# WHAT THE TASK ASKS:
Reproduce exactly the lines from the line containing "Вадима Елизарова, фото-2" through the end of the records below, including both ends, and nothing else.

# AVAILABLE DATA:

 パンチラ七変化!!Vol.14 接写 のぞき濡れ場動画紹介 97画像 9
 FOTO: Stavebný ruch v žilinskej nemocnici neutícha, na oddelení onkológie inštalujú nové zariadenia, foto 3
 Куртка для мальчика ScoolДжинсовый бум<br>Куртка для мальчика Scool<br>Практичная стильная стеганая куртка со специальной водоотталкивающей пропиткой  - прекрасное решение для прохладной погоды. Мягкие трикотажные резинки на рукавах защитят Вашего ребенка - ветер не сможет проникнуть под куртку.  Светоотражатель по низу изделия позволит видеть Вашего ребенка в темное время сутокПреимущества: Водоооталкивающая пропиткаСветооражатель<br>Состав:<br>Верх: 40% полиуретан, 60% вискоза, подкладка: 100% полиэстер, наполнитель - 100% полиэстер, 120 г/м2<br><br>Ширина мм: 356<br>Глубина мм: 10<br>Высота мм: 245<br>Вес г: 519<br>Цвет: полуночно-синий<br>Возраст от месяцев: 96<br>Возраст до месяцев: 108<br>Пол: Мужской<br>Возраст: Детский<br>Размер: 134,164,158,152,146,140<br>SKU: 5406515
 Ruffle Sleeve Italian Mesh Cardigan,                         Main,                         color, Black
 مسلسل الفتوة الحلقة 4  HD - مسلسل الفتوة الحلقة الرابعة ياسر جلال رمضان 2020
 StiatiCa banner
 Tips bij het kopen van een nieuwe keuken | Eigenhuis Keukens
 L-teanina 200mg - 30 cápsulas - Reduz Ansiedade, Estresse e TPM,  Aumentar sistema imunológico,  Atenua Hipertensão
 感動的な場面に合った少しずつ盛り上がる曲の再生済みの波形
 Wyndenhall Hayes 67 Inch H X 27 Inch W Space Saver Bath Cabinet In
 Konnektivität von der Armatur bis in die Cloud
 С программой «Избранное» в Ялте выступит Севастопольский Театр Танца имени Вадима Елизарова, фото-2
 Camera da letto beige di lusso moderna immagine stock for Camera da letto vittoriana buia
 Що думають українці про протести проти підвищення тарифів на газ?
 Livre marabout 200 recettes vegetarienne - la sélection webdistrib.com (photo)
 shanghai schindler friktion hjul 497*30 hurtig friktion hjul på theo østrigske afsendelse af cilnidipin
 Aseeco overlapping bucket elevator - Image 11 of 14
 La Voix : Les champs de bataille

# TASK RESULT:
 С программой «Избранное» в Ялте выступит Севастопольский Театр Танца имени Вадима Елизарова, фото-2
 Camera da letto beige di lusso moderna immagine stock for Camera da letto vittoriana buia
 Що думають українці про протести проти підвищення тарифів на газ?
 Livre marabout 200 recettes vegetarienne - la sélection webdistrib.com (photo)
 shanghai schindler friktion hjul 497*30 hurtig friktion hjul på theo østrigske afsendelse af cilnidipin
 Aseeco overlapping bucket elevator - Image 11 of 14
 La Voix : Les champs de bataille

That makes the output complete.